For the past several years, DeepHealth has benefited from CSAIL’s Startup Connect program in terms of staying connected to the lab, recruiting, and finding potential investors. Dr. Lotter says that as an example, “we participated in a poster session where we presented our research and, as a result, met a number of talented job candidates and interested investors. The Startup Connect program also graciously introduced us to potential investors on several other occasions, which was quite helpful when we were raising early funding rounds.”
To help provide insights to radiologists, DeepHealth’s software has two modes of operation:
In the first mode, it outputs an exam-level suspicion score, which is binarized to provide an indication of whether the exam has findings that are suggestive of cancer.

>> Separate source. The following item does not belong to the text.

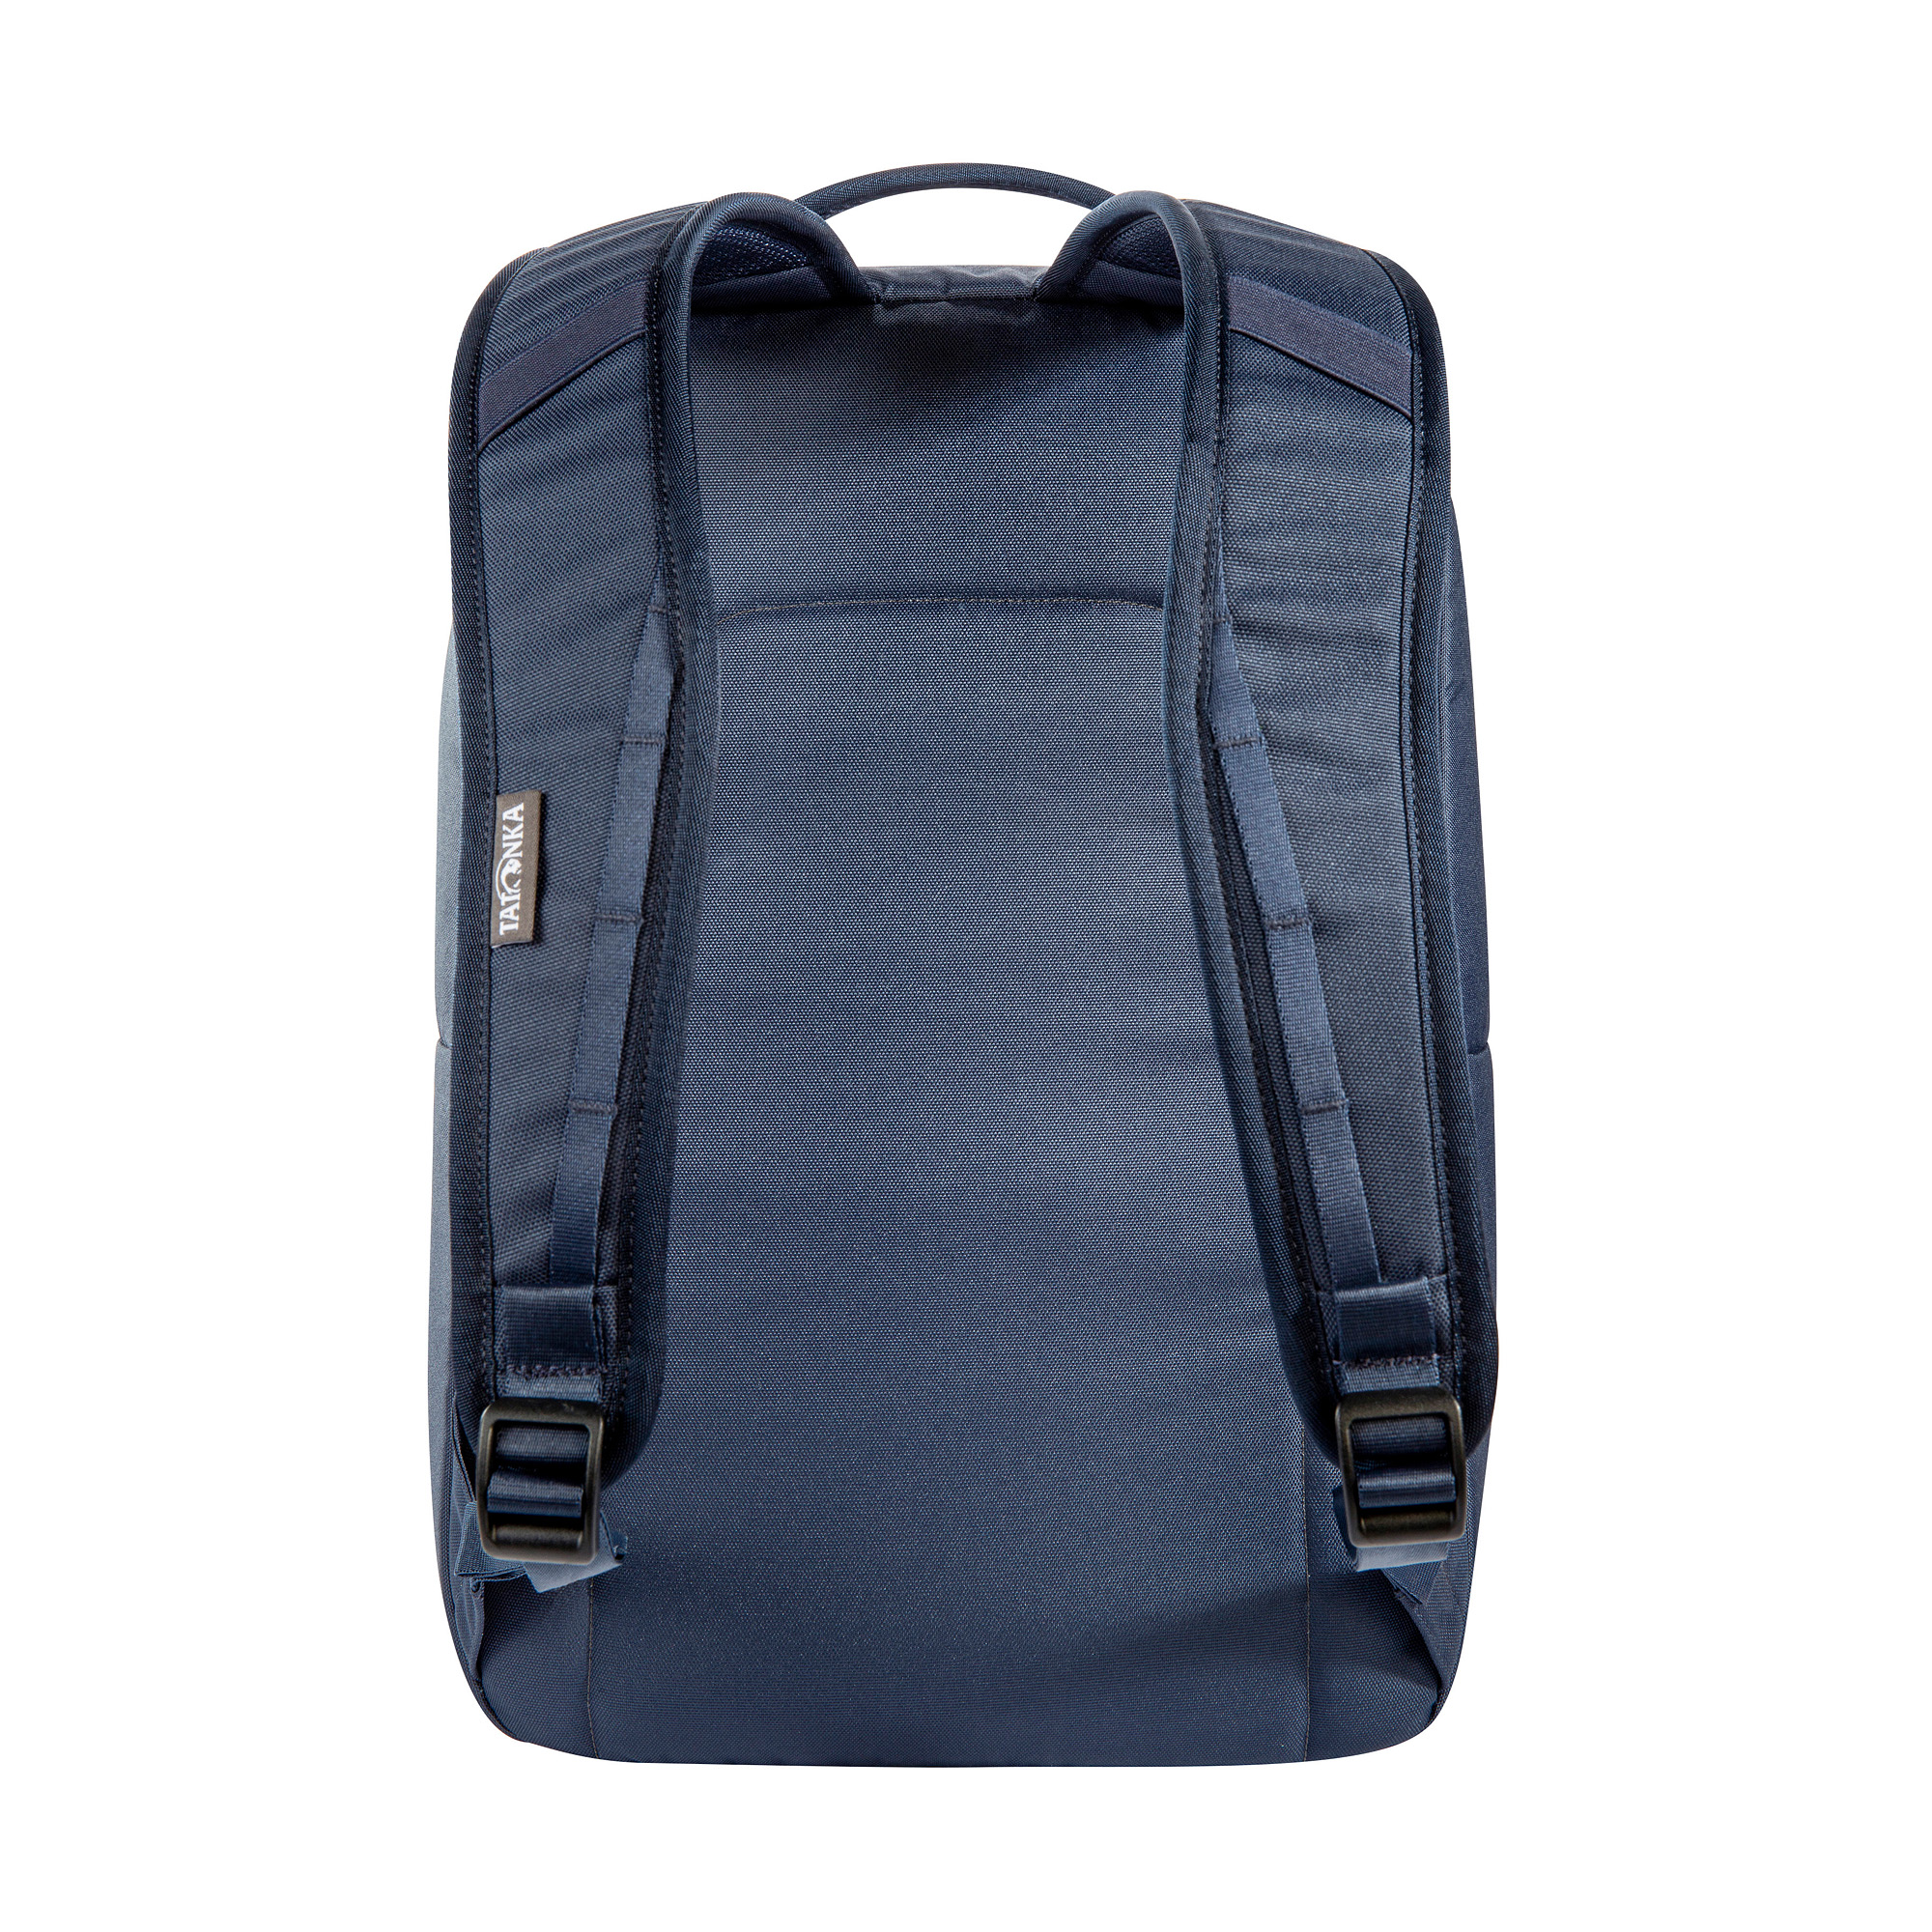 Tatonka Cooler Backpack navy blau Tagesrucksäcke 4013236384406
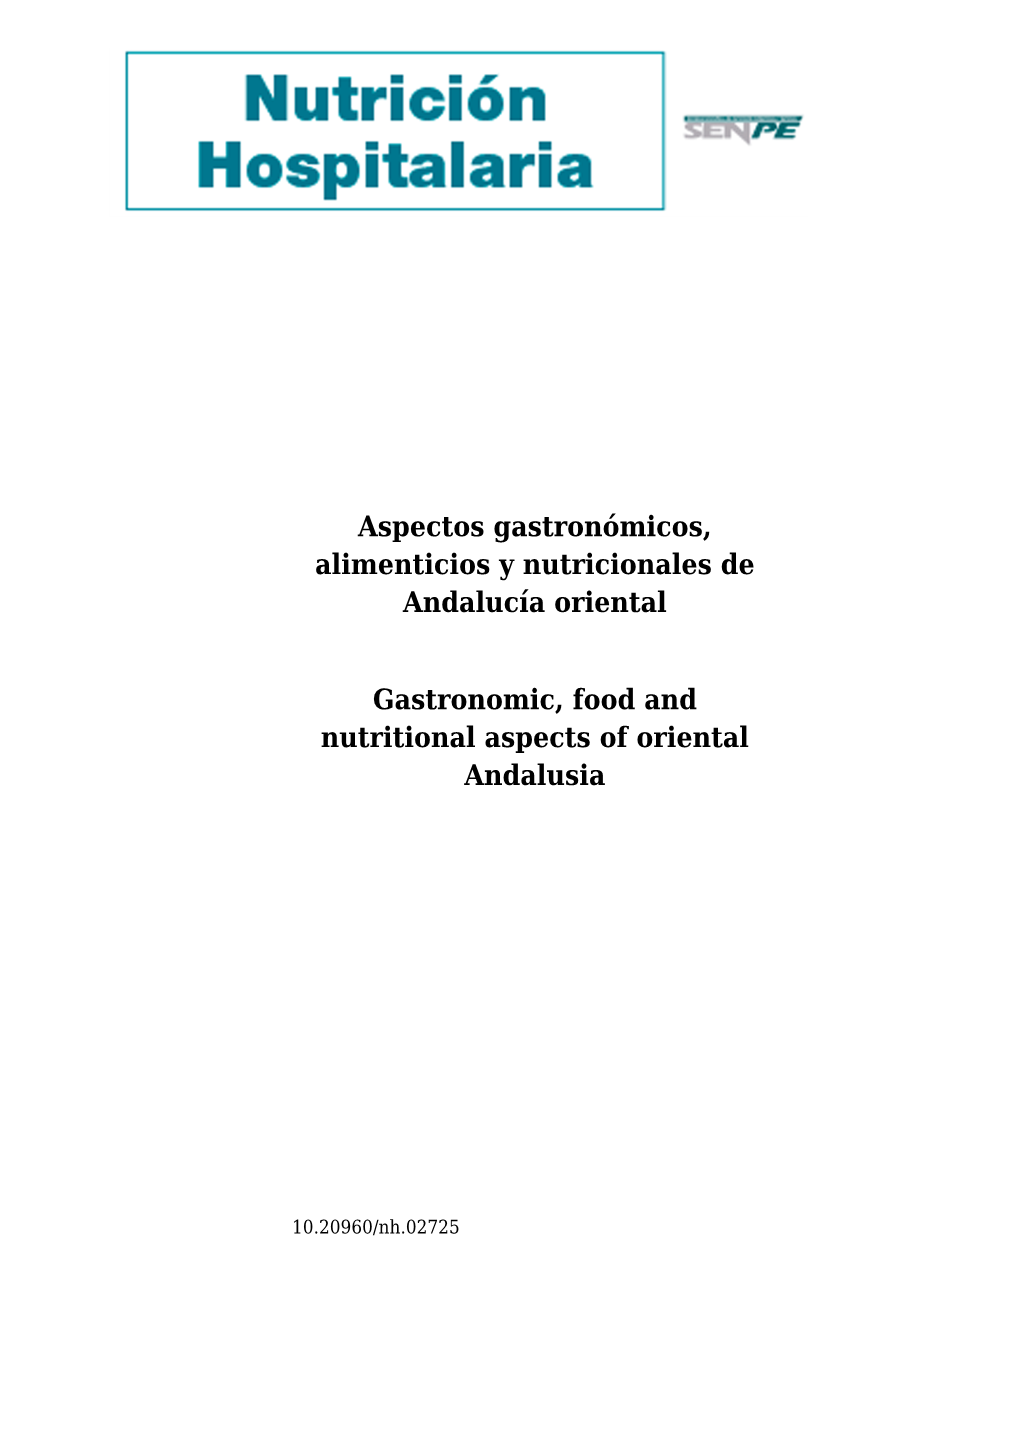 Aspectos Gastronómicos, Alimenticios Y Nutricionales De Andalucía Oriental

In this way, the technology can be used for triage, so that radiologists who have many cases in their worklist can prioritize reading the cases that the software deems the most suspicious. “This can help ensure that women at risk receive follow-up procedures as soon as possible, sometimes even before they have left the facility,” says Dr. Lotter.
In the second mode, the software outputs bounding boxes that localize the suspicious findings. Radiologists can then review the bounding boxes while interpreting exams, which can help them detect subtle cancers they might otherwise miss and also more confidently dismiss benign findings.
These capabilities improve the accuracy and efficiency of screening mammography, and could also facilitate quality screening mammography in regions and populations that are more limited by the availability of expert clinicians.
After the promising start of demonstrating the robustness and generalization of their software, the “next major frontier in AI for mammography is effective clinical deployment and achieving real-world impact on women’s lives,” Dr. Lotter says. “We are fortunate to have a unique opportunity to do so, as we have recently been acquired by a company called RadNet, the largest outpatient imaging services provider in the U.S. RadNet performs over one million mammograms per year across hundreds of diverse sites. Together, we truly do have an opportunity to realize the potential of AI for screening mammography. As a step in this process, we are currently in the midst of obtaining FDA clearance for further validation of our products.”
Beyond mammography, DeepHealth envisions that their deep learning model architectures and algorithms can be used for many medical imaging domains where subtle lesions and high-dimensional data are common challenges.
As for increasing access to medical screening, the company also seeks to demonstrate consistent performance across populations. “This aspect is a top priority for us, and our results so far are promising,” he says. In addition to showing that their software performs well on women who received mammograms at a collaborating Chinese hospital, they have also found that their software exhibits similar performance among Black and white women in New York City. These findings were recently presented at the Radiological Society of North America annual meeting.
“Verifying equitable performance is an ongoing goal, but our results so far are encouraging and point to the potential of the software in making screening more accessible and accurate for all women.”
In April 2021, DeepHealth obtained FDA clearance for their first product submission: a mammography triage software built on the core AI technology discussed in the Nature Medicine paper.